Otra extra-teórica, donde la teoría se difumina, «calca» a Mariátegui y deviene una expresión cualquiera de la aventura —o el paseo— del viejo y el nuevo nomadismo: la apología del clown, del bohemio, del pioner, de Juana de Arco, Isadora o Chaplin: la familia mariateguiana, de Vallejo y Eguren a Martín Adán y el caballero Valdelomar; de Ingenieros y Vasconcelos a Bergson, Sorel, Unamuno, Croce, Gobetti, Nietszche, Marx, Freud, Rolland, Barbusse, Cendrars, Bretton, Gide, George Brandes, Ortega o Ramón del Valle Inclán, de Gorki, Lunatcharsky, Tolstoy y Sergio Essenin a Rilke, Grosz, Papíni, Pirandello, Panaít Istrati, Tagore o Mahatma Gandhi. Y todas las planicies, rupturas y devenires imaginables. GiIles Deleuze, una vez más: «Se escribe la historia, pero siempre desde el punto de vista de los sedentarios y en nombre de un aparato de Estado aun cuando se habla de nómades. Se trata de apoyarse directamente en una línea de fuga que permita hacer estallar los estratos, romper las raíces y efectuar las nuevas conexiones». Mariátegui como multiplicidad. Mariátegui como «línea de fuga».

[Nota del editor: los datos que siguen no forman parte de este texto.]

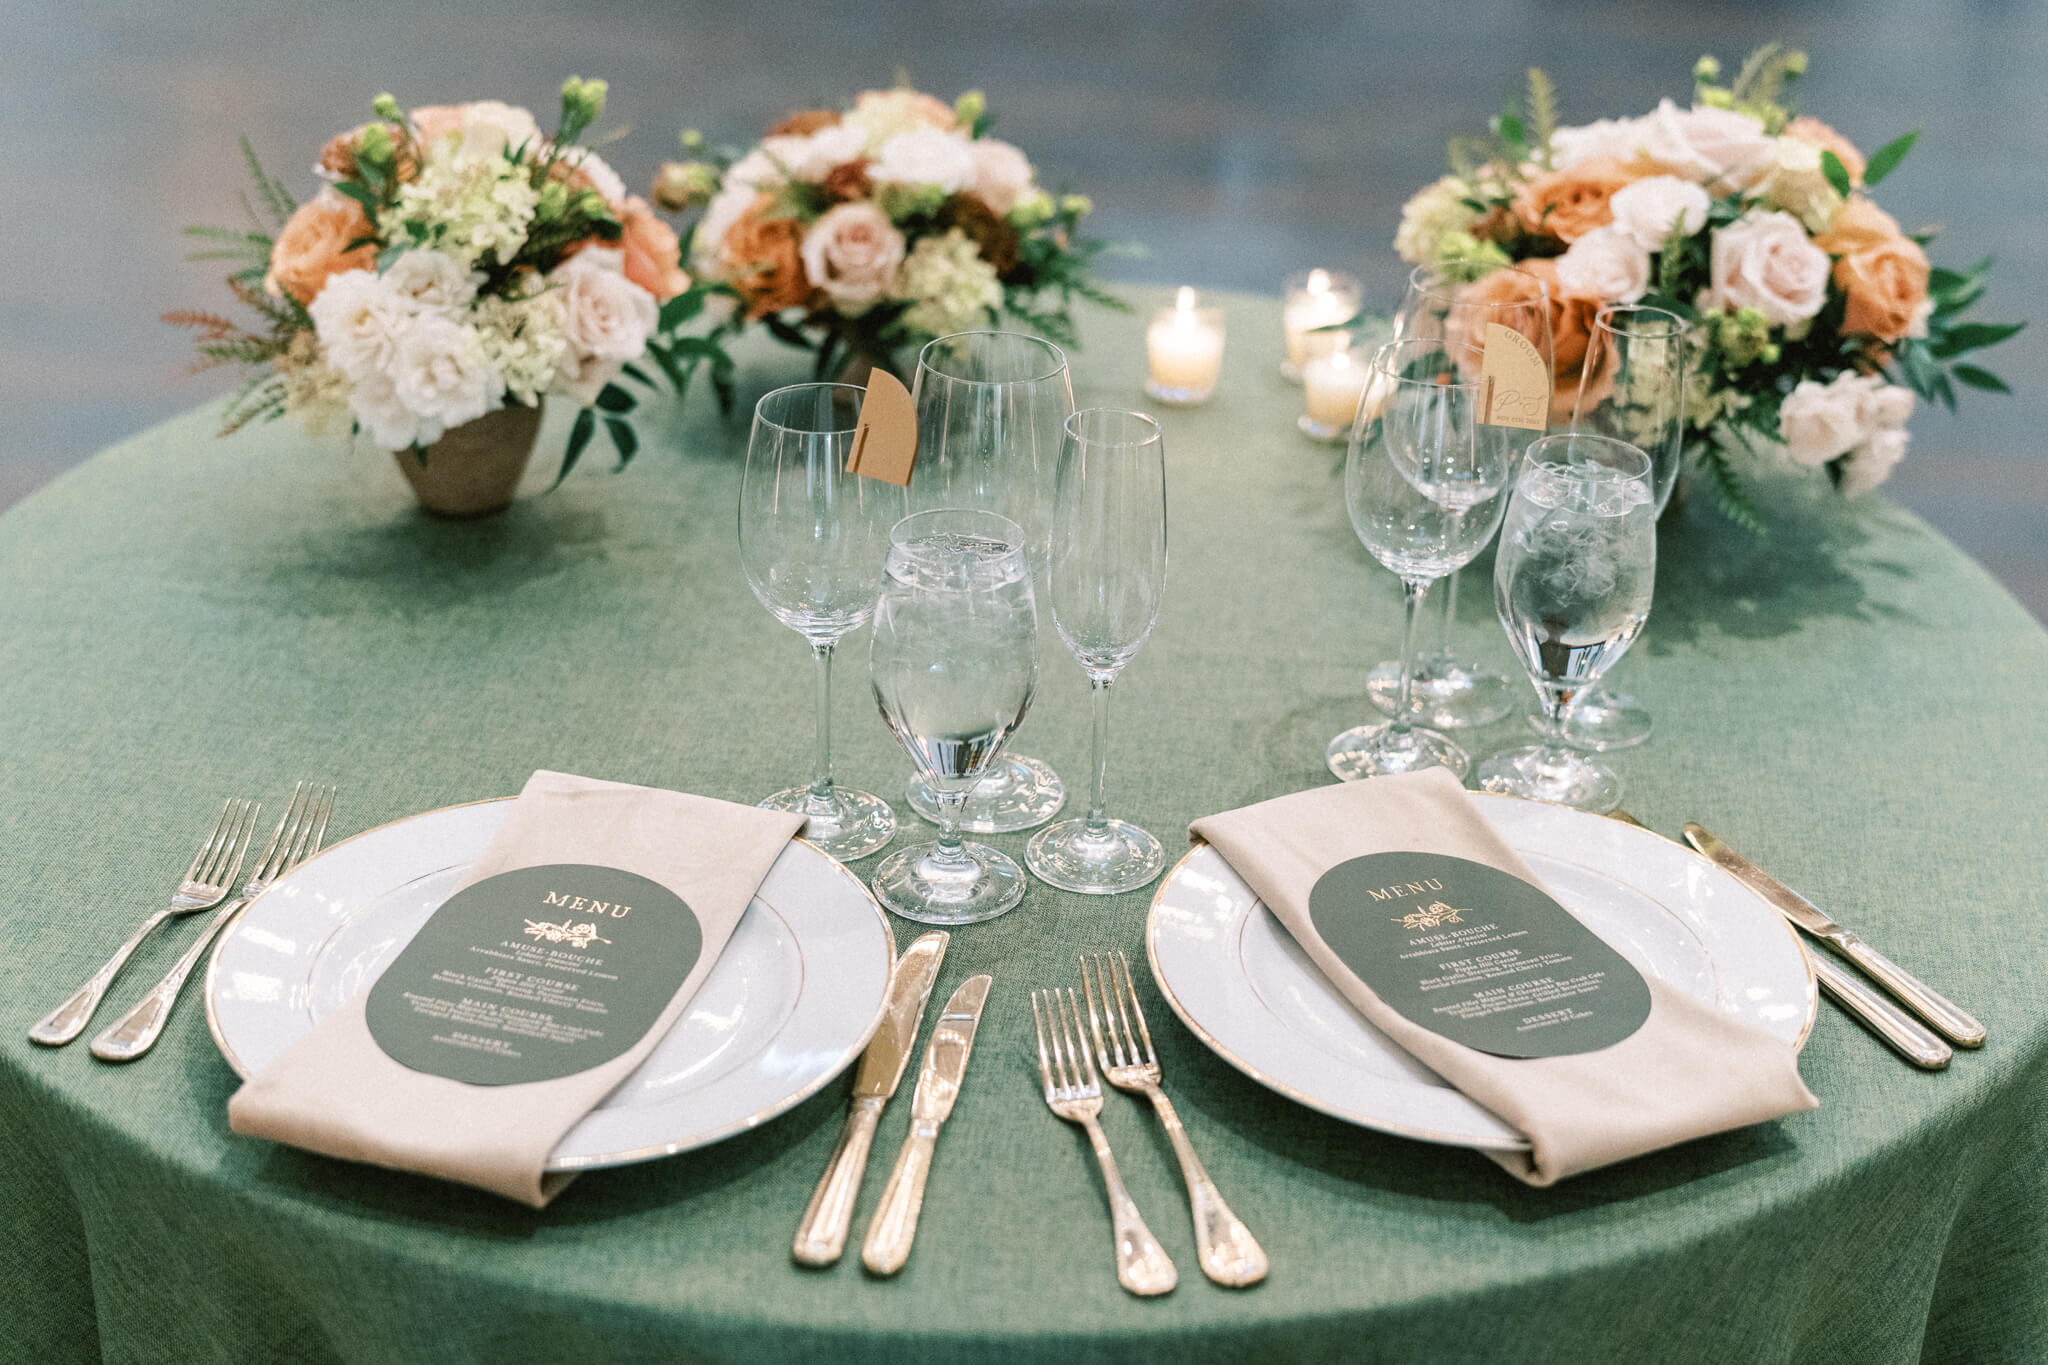 Closeup of a sweetheart tablescape with plates, menus, flatware, glasses, candles and florals on a green tablecloth.
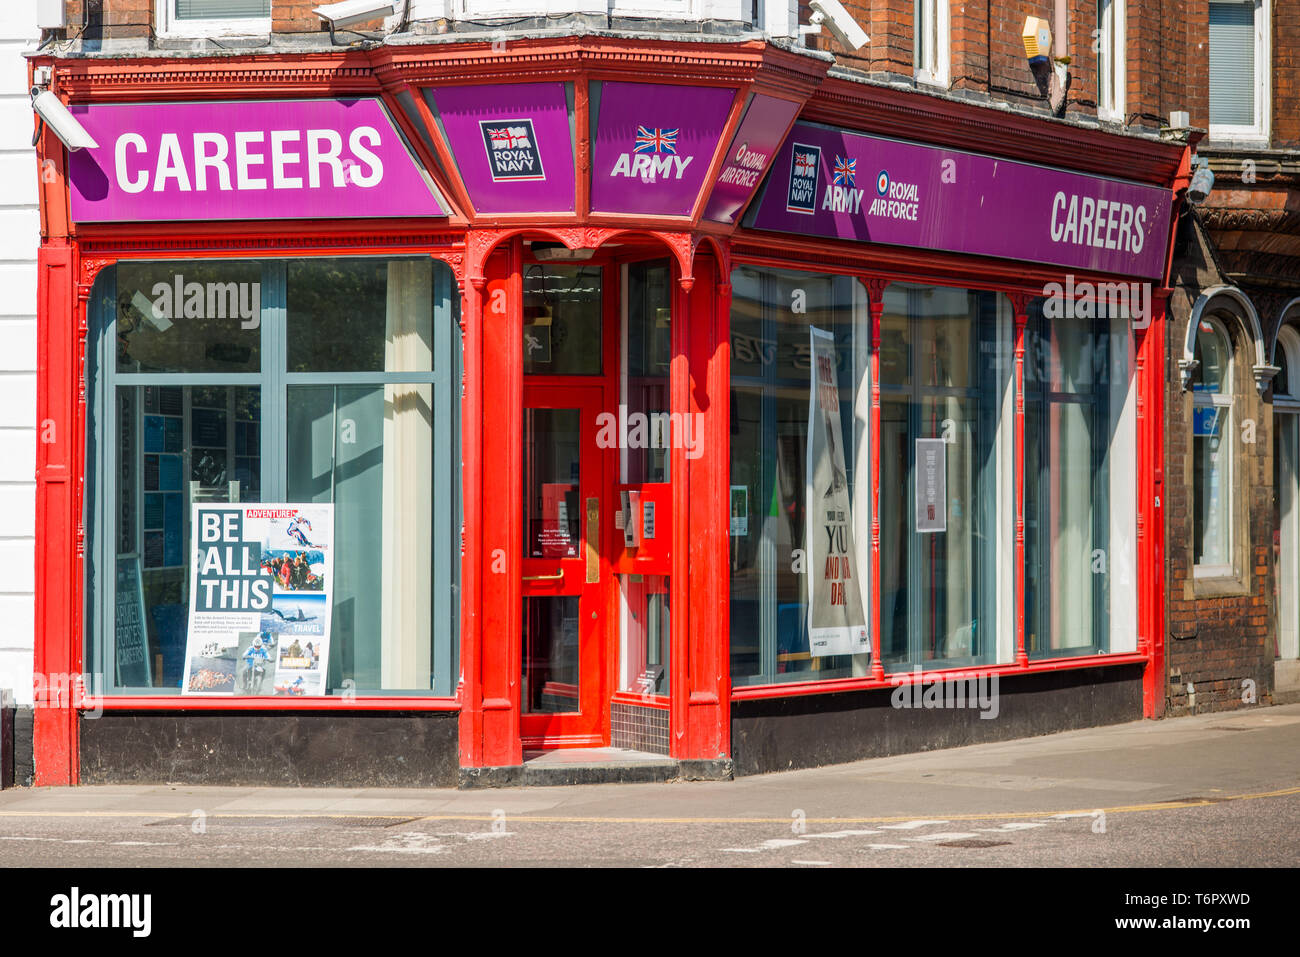 Armed forces recruitment office in Norwich, Norfolk, East Anglia, UK. Stock Photo

De vuelta al tema de la moral, hay que preguntar también por el movimiento que ha hecho posible la cómoda y paradójica asociación del acto creativo con la fidelidad a la doctrina: el dogmatismo. Octavio Paz ha hecho a este propósito una de las más tajantes reivindicaciones del tema de la moral: «Nosotros todavía no aprendemos a pensar con verdadera libertad. No es una falta intelectual, sino moral: el valor de un espíritu, decía Nietzsche, se mide por su capacidad de soportar la verdad. La crítica del otro comienza con la crítica de uno mismo».
Una ética moderna no se reduce al estudio de las maniqueas diferencias y los no siempre evidentes límites entre el «bien» y el «mal» de la moral cristiano burguesa. Incluye la reflexión sobre los fines y el sentido de la vida. No parece haber desacuerdo en el campo progresista: están los enemigos comunes, las buenas intenciones unitarias, el punto de vista nacional sin alineamientos ni alienaciones, etc. Sin embargo las cosas siguen siendo tercamente mezquinas (problema moral). Aunque una vez más se ha descubierto -Eureka!- el origen de todos los males de la izquierda: como hace cincuenta años o más, lo que falta es Programa: estrategias, alianzas, correlaciones, cálculos. Siempre cálculos.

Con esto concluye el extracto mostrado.